Встряхнувшись, словно пёс, которого внезапно окатили водой, я решительно зашагал к прилавку, за которым стоял Олег Остапович. Бывший ушкуйник тут же узнал меня и расплылся в приветственной улыбке. Он даже вспомнил моё имя:

– Степан Романович, рад снова видеть вас. Я так понимаю, вы уже вернулись из похода.

– Да, Олег Остапович, вернулся и благодаря вашим советам даже сумел уцелеть.

Оружейник посерьёзнел и спросил:

– Было жарко?

– Немного, – пожав плечами, ответил я, намекая на то, что не собираюсь делиться подробностями.

Он всё правильно понял и подтвердил это кивком.

– Пришли восполнить боевой припас?

– Не сегодня. Мне хотелось бы поговорить вон о той чудно́й сабле, – указал я рукой на стенку за прилавком секции белого оружия.

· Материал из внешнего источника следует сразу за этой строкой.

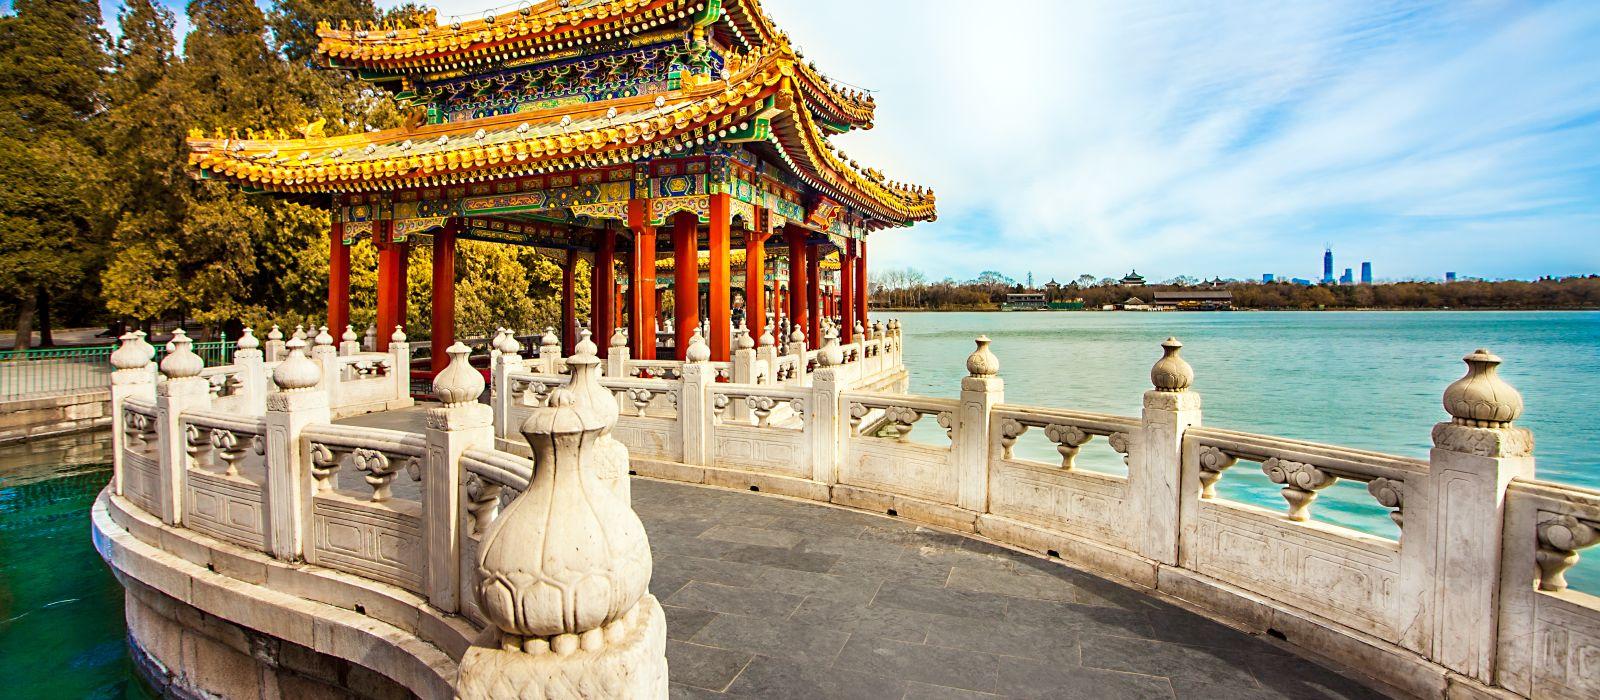 Imperial Cities, Tibet & Yangtze River Cruise Tour Trip 3

– Однако, – озадаченно протянул оружейник, немного подумал и сказал: – Позвольте полюбопытствовать, вам этот меч нужен для коллекции или планируете носить его по праву ушкуйника?

Я было решил сказать, что начинаю собирать разные диковинки, но не хотелось врать хорошему человеку.

– Нет, носить такое я точно не стану. Хочу вернуть владельцу.

– Как интересно, – ещё больше удивился Олег Остапович. – И кто же этот владелец? Спрашиваю из праздного интереса. Когда купил этот клинок, наводил справки. Узнал лишь, что меч осел в ломбарде после посещения нашего города каким-то восточным вельможей. Может, пропил или подарил кому.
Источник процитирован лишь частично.